Working with the town of Franklin, KMS expanded its existing program into a full-fledged customizable system providing problem reduction and preventative maintenance.

“One of the benefits of having KMS ASSIST Service & Support is that it allows the town to simply call KMS and say, ‘Hey, we need a part. When can you get it to us?’ And we can virtually ship it out that day,” Hinz said. KMS benefits by obtaining pre-approval of small purchases to eliminate delays.

To increase efficiency and keep the Franklin plant up and running under all circumstances, KMS installed a secure dial-in phone line that it uses to access the system, retrieve data, analyze process problems and give the town recommendations.
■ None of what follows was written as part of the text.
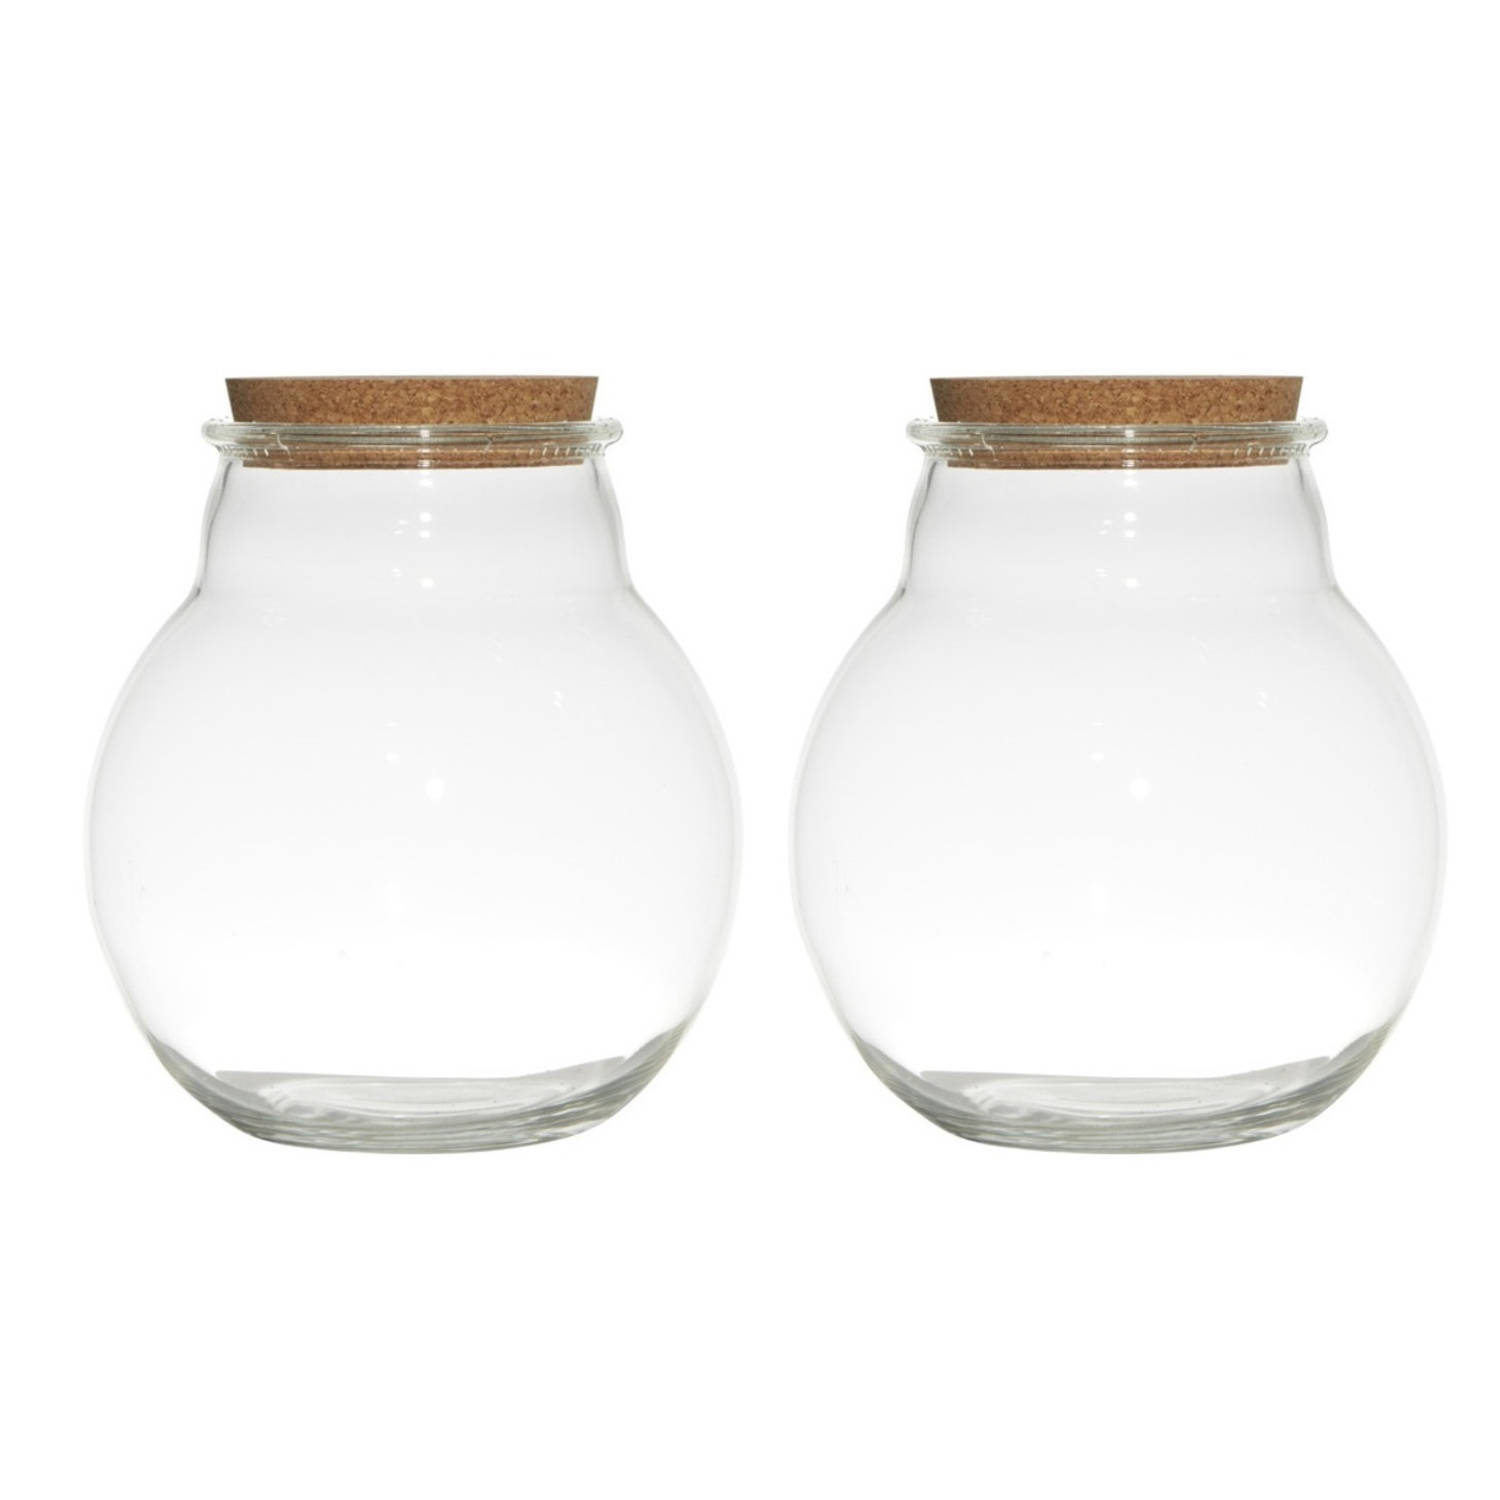 Bellatio Design Set van 2x stuks glazen voorraadpotten/snoeppotten/terrarium vazen van 19 x 21.5 cm met kurk dop - Bewaarpot/Opslagpot

“When our technicians get to the site, they are already fully prepared for actions they may need to take, which helps us quickly resolve the problem our customer is faced with,” Hinz said.

“We are extremely pleased with how the KMS ASSIST Service & Support package has worked for us,” said Public Works Director Robert A. Cantoreggi. “Keeping our plant operating means we don’t have to incur additional costs and inconvenience by purchasing water from another town while our system is sitting idle. We’ve been getting onsite service within 24 hours of our call, for the most part. Also, we have put into place purchasing mechanisms that get us our parts in a timely fashion. Just recently, our HMI screen went down and within 12 hours we had a new screen and went back up online.”

New Standard for the Industry

KMS is now moving toward using this model for similar water plants. In parallel, the company is planning on incorporating the KMS ASSIST remote monitoring feature into all of its PURON membrane bioreactor systems.

KMS is now in the process of establishing an advanced monitoring station at its facility in Wilmington to serve as the KMS ASSIST Service & Support nerve center. There will be multiple monitor screens where process and field service engineers can review customer system data in historical and real time to recognize trends proactively and suggest solutions before they become problems.

The new facility is a way for KMS to add real value to its customers by helping them save money by staying ahead of maintenance issues. The package goes a long way to ensuring that the town of Franklin can continue to provide current and future residents and businesses with clean and plentiful water.